**MATERIAL PROVIDED**
• • • • •

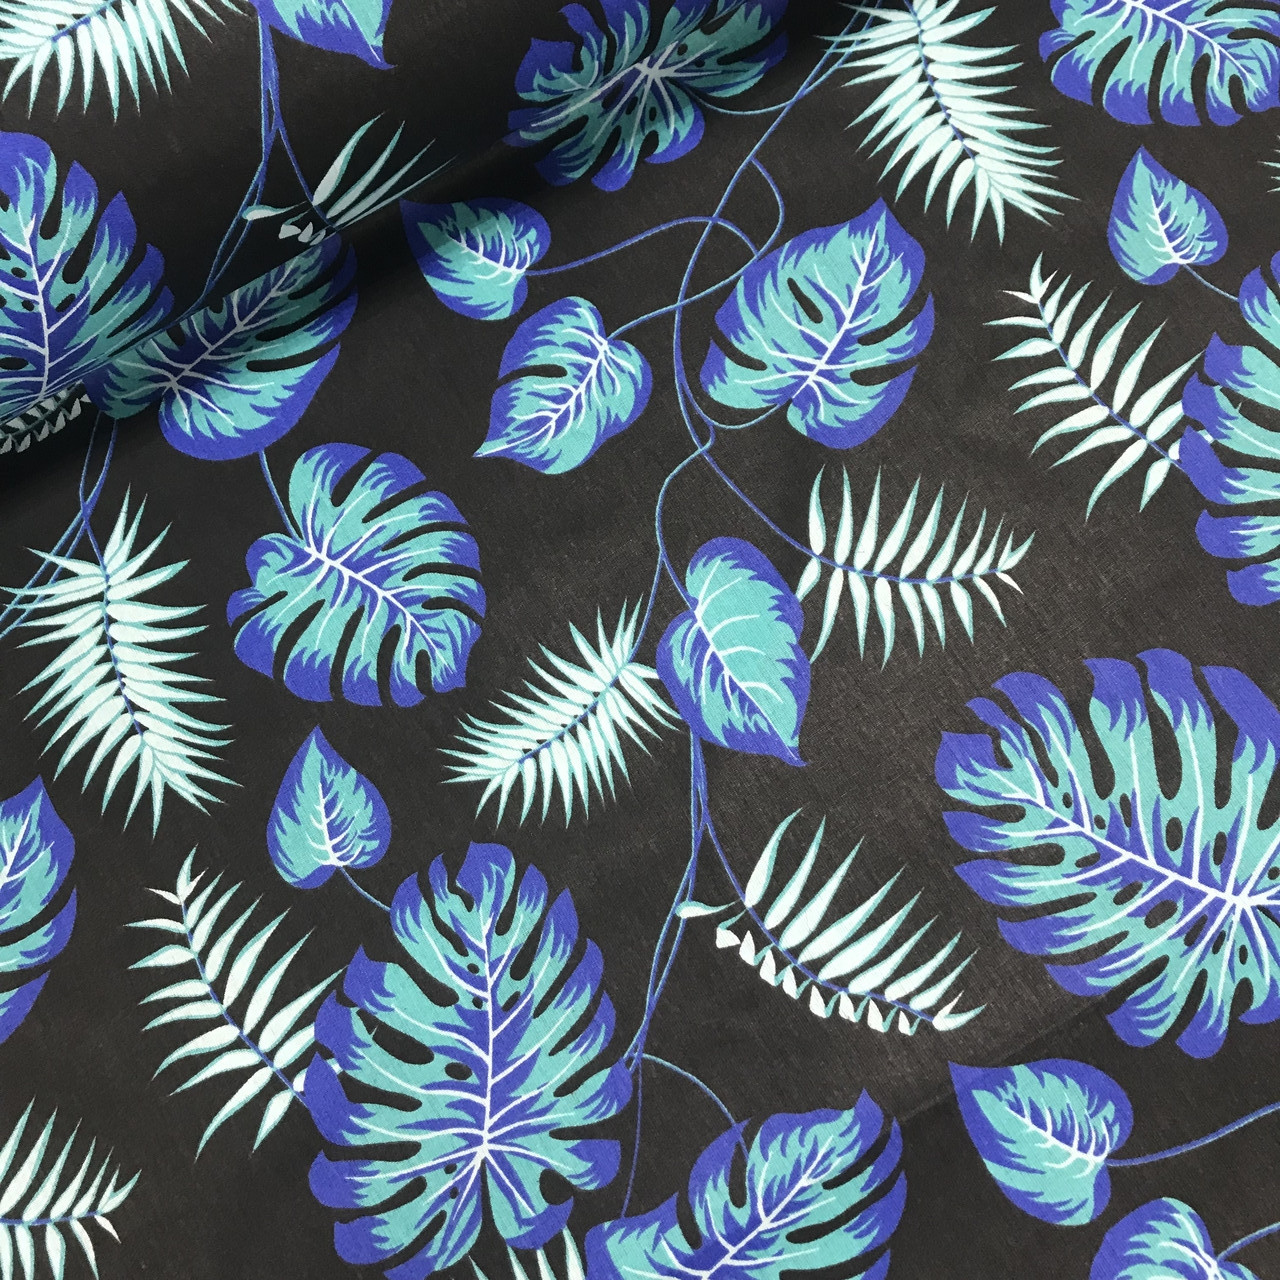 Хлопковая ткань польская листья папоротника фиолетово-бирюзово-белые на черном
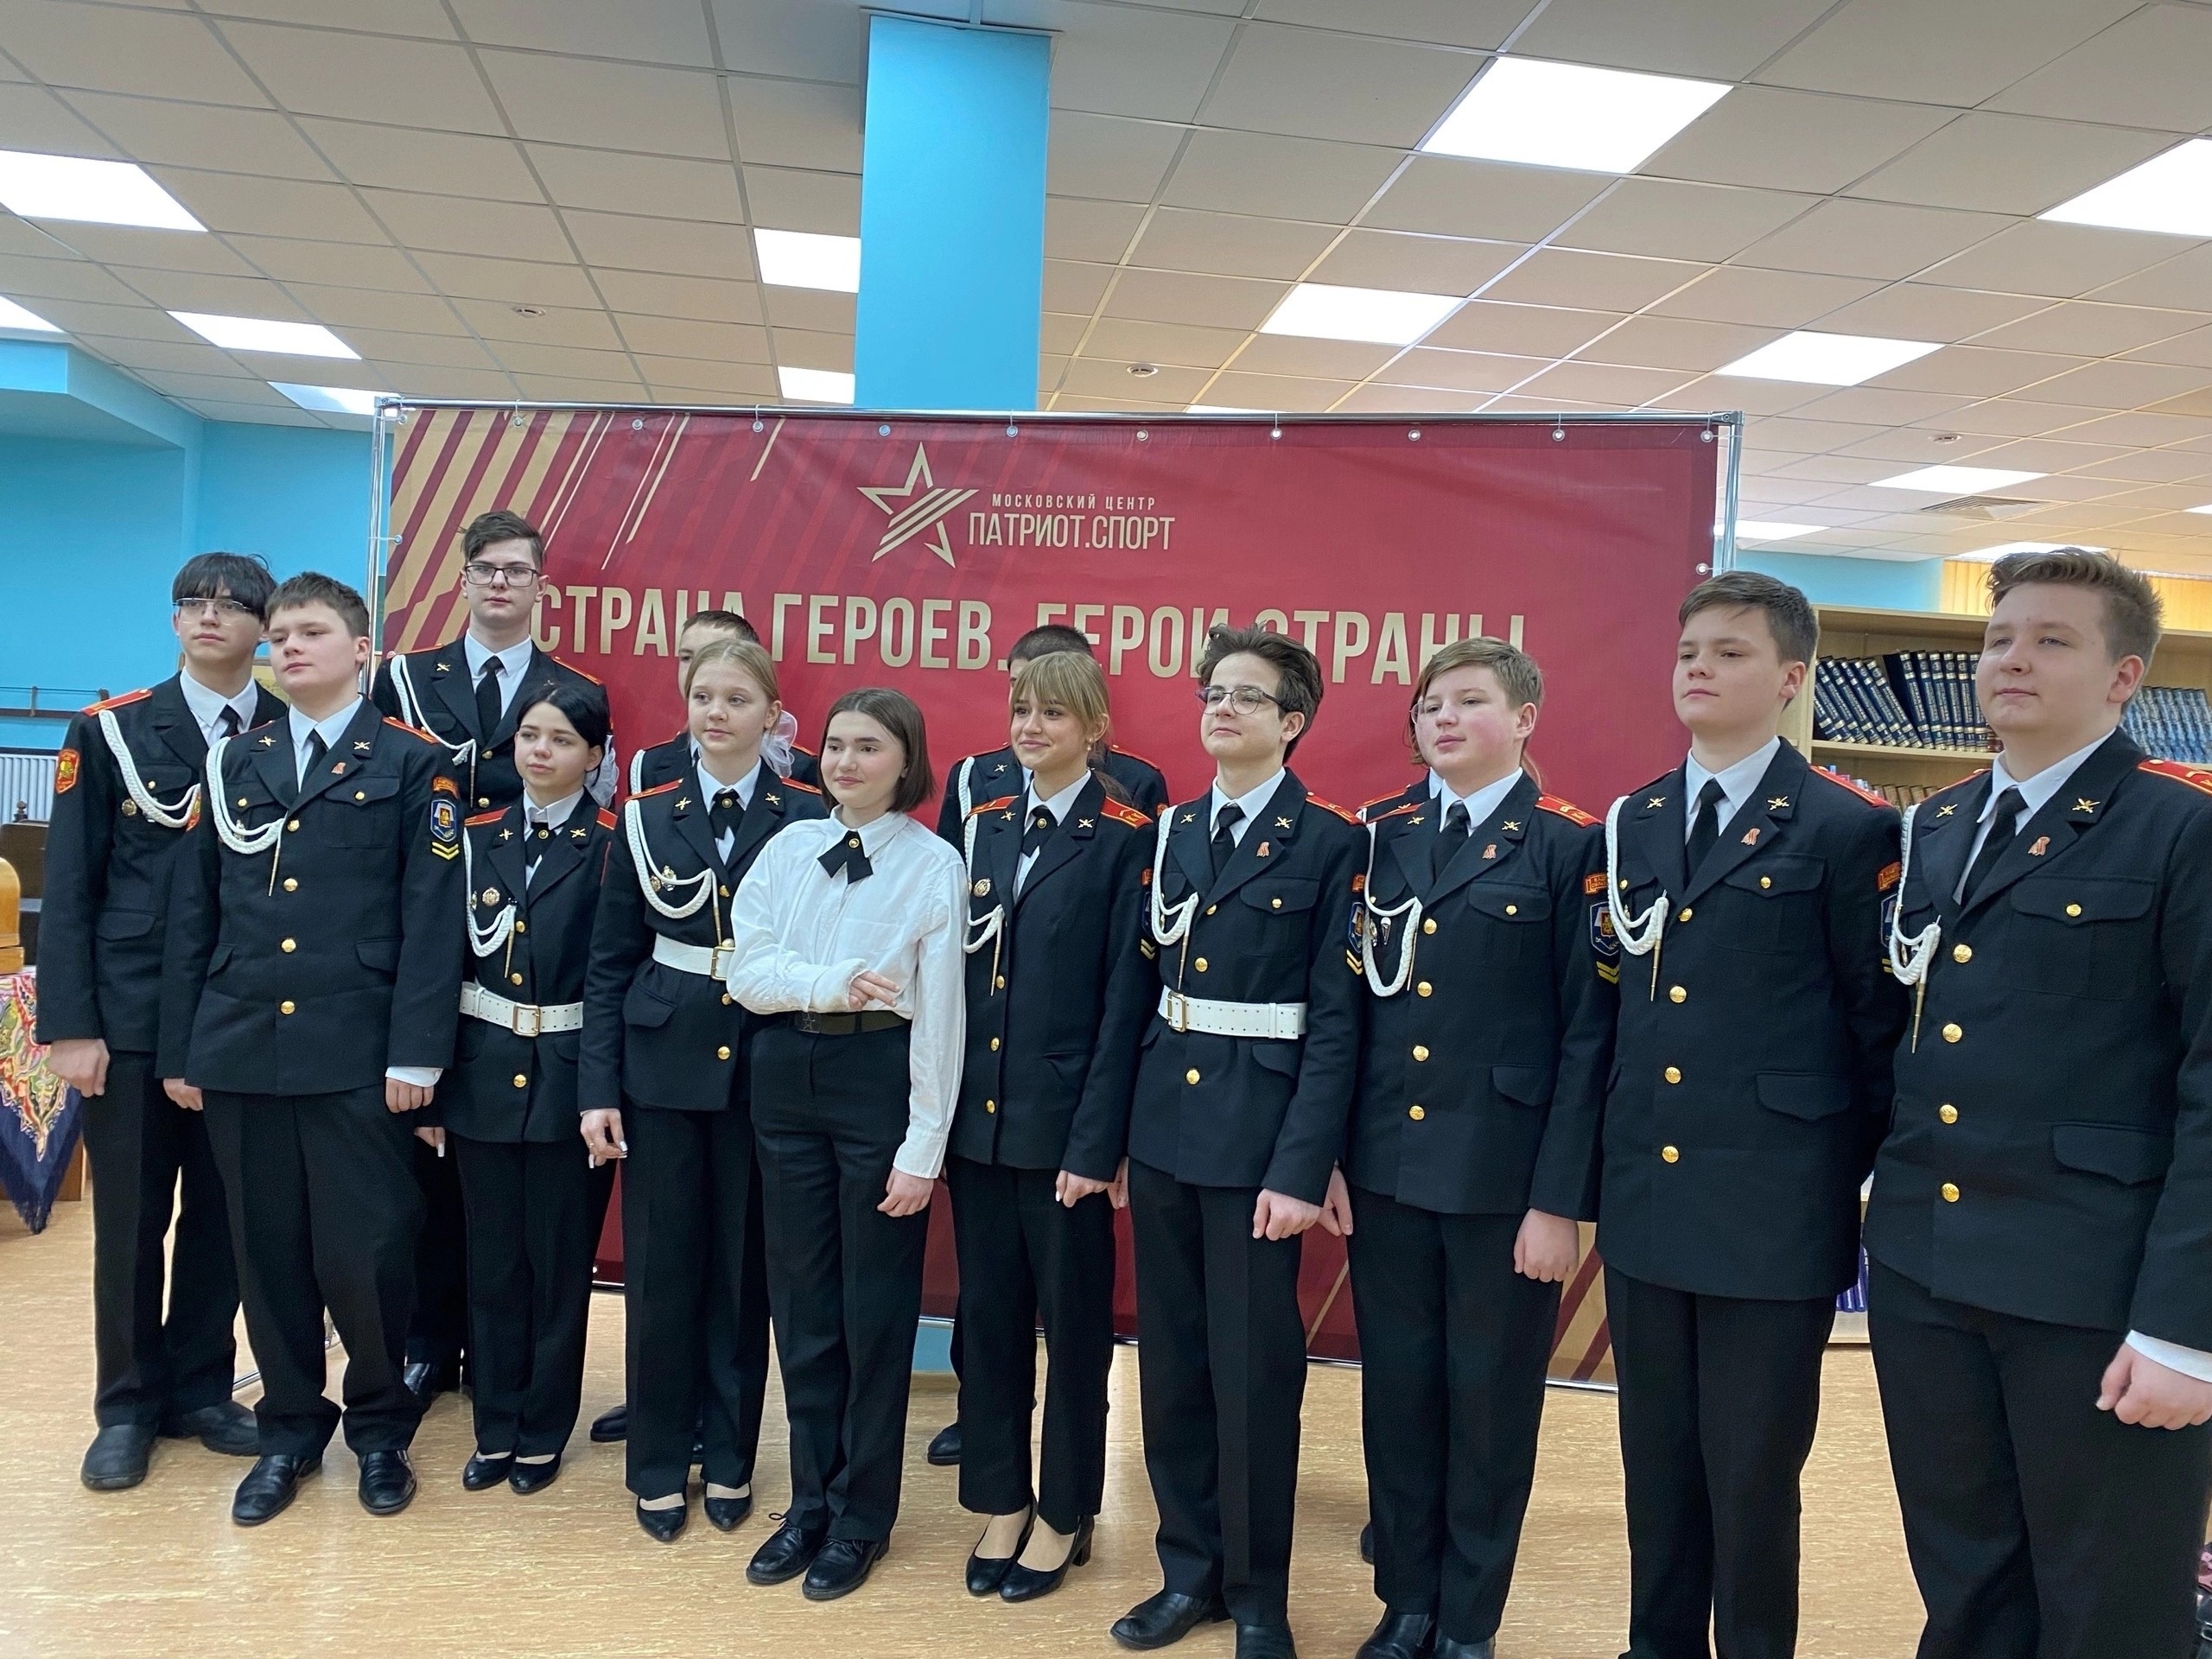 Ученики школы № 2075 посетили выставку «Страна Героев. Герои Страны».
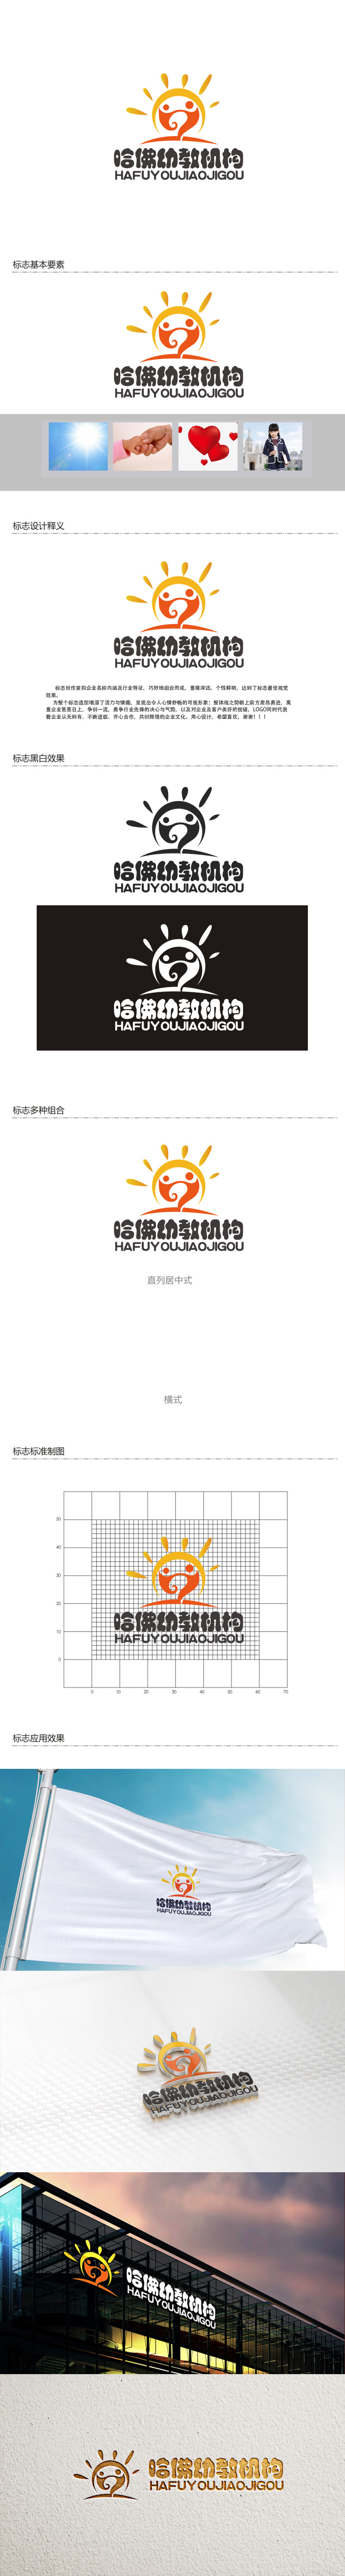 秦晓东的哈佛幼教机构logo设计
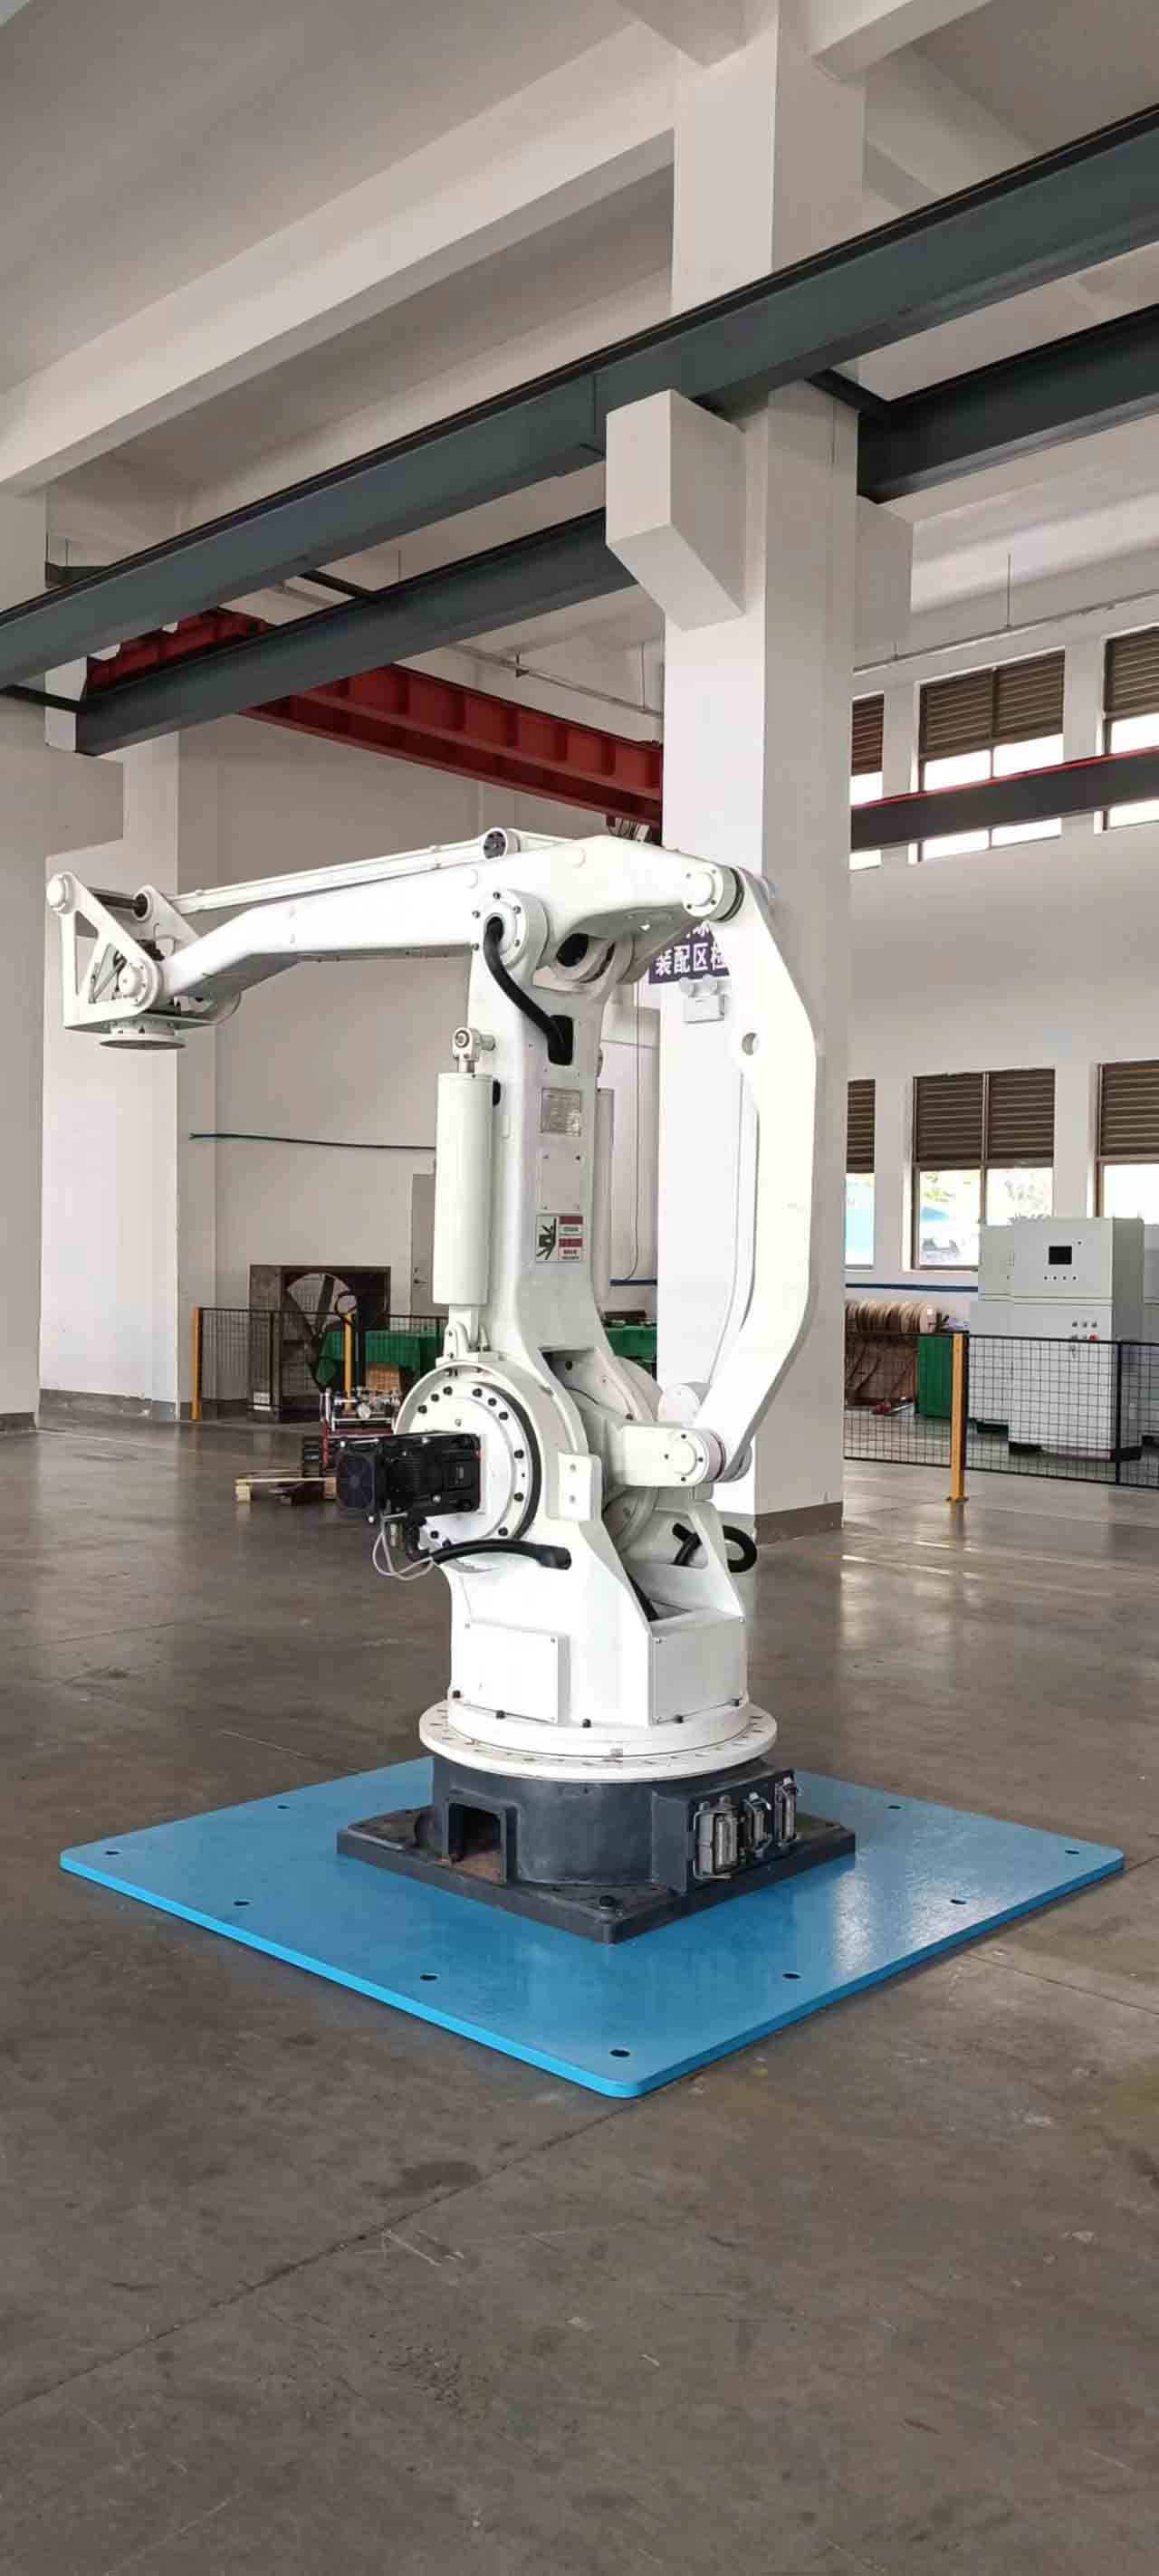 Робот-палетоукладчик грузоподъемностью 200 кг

• • • • •

**WORK ITEM**
The whole listing above must be duplicated word for word, apart from its pictures.

**PROBLEM SOLUTION**
 Хлопковая ткань польская листья папоротника фиолетово-бирюзово-белые на черном
 Ученики школы № 2075 посетили выставку «Страна Героев. Герои Страны».
 秦晓东的哈佛幼教机构logo设计
 Робот-палетоукладчик грузоподъемностью 200 кг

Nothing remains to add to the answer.